2

I Have a numpy array of shape: (5380, 1071)

I am trying to scale it's values using:

from sklearn.preprocessing import MinMaxScaler
scaler = MinMaxScaler()
X_train =  scaler.fit_transform(X_train)

But, i get this error:

ValueError: Input contains infinity or a value too large for dtype('float64').

I checked the maximum value using print(X_train.argmax()) and the output is just "1027"

This array do not contain any nan or infinity value.

This is not a duplicate of

sklearn error ValueError: Input contains NaN, infinity or a value too large for dtype('float64')

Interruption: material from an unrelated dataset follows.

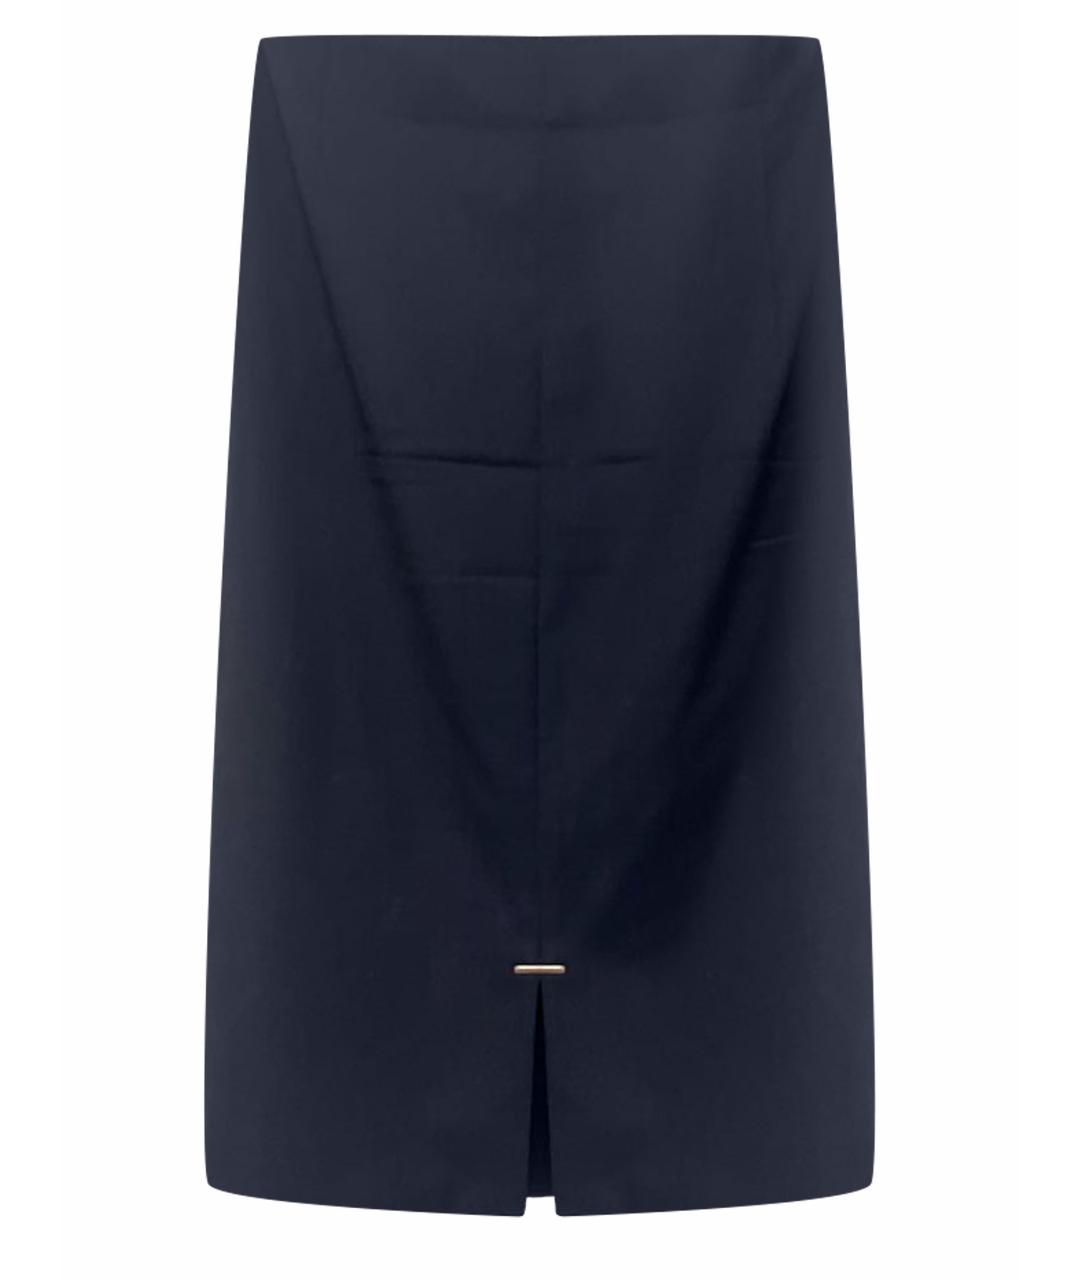 HUGO BOSS Темно-синяя шерстяная юбка миди, фото 1

Both errors are different.

John Doe
  • 437
  • 1
  • 5
  • 14
  • I'd say run this `pd.isnull(X_train).sum() > 0` just to make sure no columns are showing some "hidden" nan or inf – chitown88 Dec 29 '18 at 10:56
  • @chitown88 False for all columns – John Doe Dec 29 '18 at 11:00
  • 1
    What output of print(X_train.max()) ? – Farseer Dec 29 '18 at 11:00
  • 1
    Note that `argmax` gives the INDEX of the maximum value, not the maximum value itself. Try `X_train.max()` to find the maximum value – Jondiedoop Dec 29 '18 at 11:01
  • ok, next I'd check to see what the data types are for all columns. `print (X_train.dtypes)` – chitown88 Dec 29 '18 at 11:02
  • aahh, the output of `X_train.max()` is `inf`. Feeling so embarrassed. is it also possible to find the column and row id of the `inf` value? – John Doe Dec 29 '18 at 11:04
  • I'm having the same issue. My max is 20434.95 using `df[cols].max().max()`. – Echochi Jun 17 '21 at 18:57
  • Max didn't show the infinite values, but a check with `np.isinf(df[cols]).any()` finally revealed the culprits. I'm using [this thread](https://stackoverflow.com/questions/17477979/dropping-infinite-values-from-dataframes-in-pandas) to find and replace them. – Echochi Jun 17 '21 at 19:08

0 Answers0